La Corée du Sud a fait un pas significatif dans son ambition de devenir l’une des principales nations dans le domaine de l’intelligence artificielle (IA) en présentant son modèle d’hyperéchelle, A.X K1, développé par SK Telecom.
Ce modèle compte 519 000 milliards de paramètres, bien qu’en pratique, il n’en active que 33 milliards, ce qui lui permet de maintenir un haut niveau de précision tout en optimisant la consommation de ressources.
L’architecture du A.X K1, connue sous le nom de « mixture of experts », sélectionne dynamiquement les paramètres nécessaires pour chaque tâche, ce qui améliore l’efficacité et l’applicabilité du modèle.
Une IA pour rivaliser avec la Chine et le géant américain
Cette approche permet également au modèle de transférer des connaissances à des versions plus petites et spécialisées, le rendant adapté aux appareils aux ressources limitées. Cette caractéristique est cruciale pour élargir l’accès à l’IA dans divers domaines, de l’éducation à la robotique.
SK Telecom cherche à faire de son A.X K1 la base d’une « IA pour tous », grâce à des collaborations avec des universités et des associations. Sa nature open source permettra à d’autres de développer des applications dans des secteurs aussi variés que les jeux vidéo et les services de recherche multilingue.

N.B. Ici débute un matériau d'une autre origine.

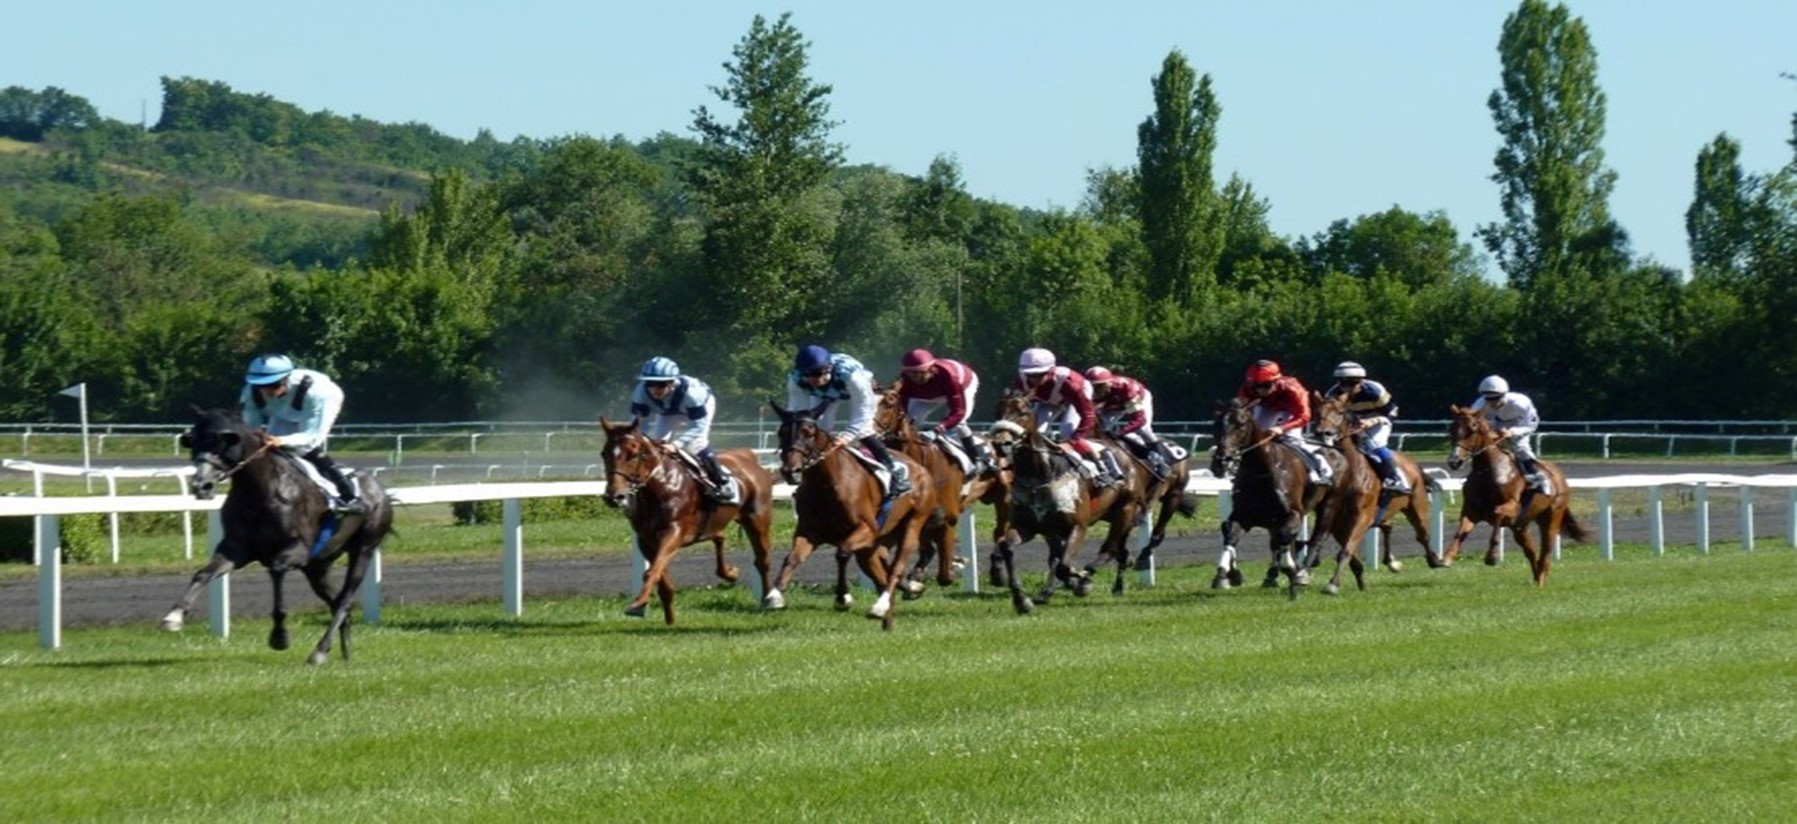 Betting on Speed: Online Horse Racing Odds and Strategies

Ceci fait partie d’une stratégie plus large pour établir un écosystème robuste d’IA dans le pays.
L’essor de l’IA a commencé à affecter significativement l’économie de plusieurs secteurs, y compris les difficultés sur le marché de la mémoire RAM, alors que les puissances mondiales rivalisent pour le leadership dans cette technologie.
Tae Yoon Kim, l’un des responsables du développement de l’A.X K1, a déclaré que l’objectif est de consolider la Corée du Sud comme l’une des trois principales nations en intelligence artificielle, dans une course qui implique des puissances comme les États-Unis et la Chine.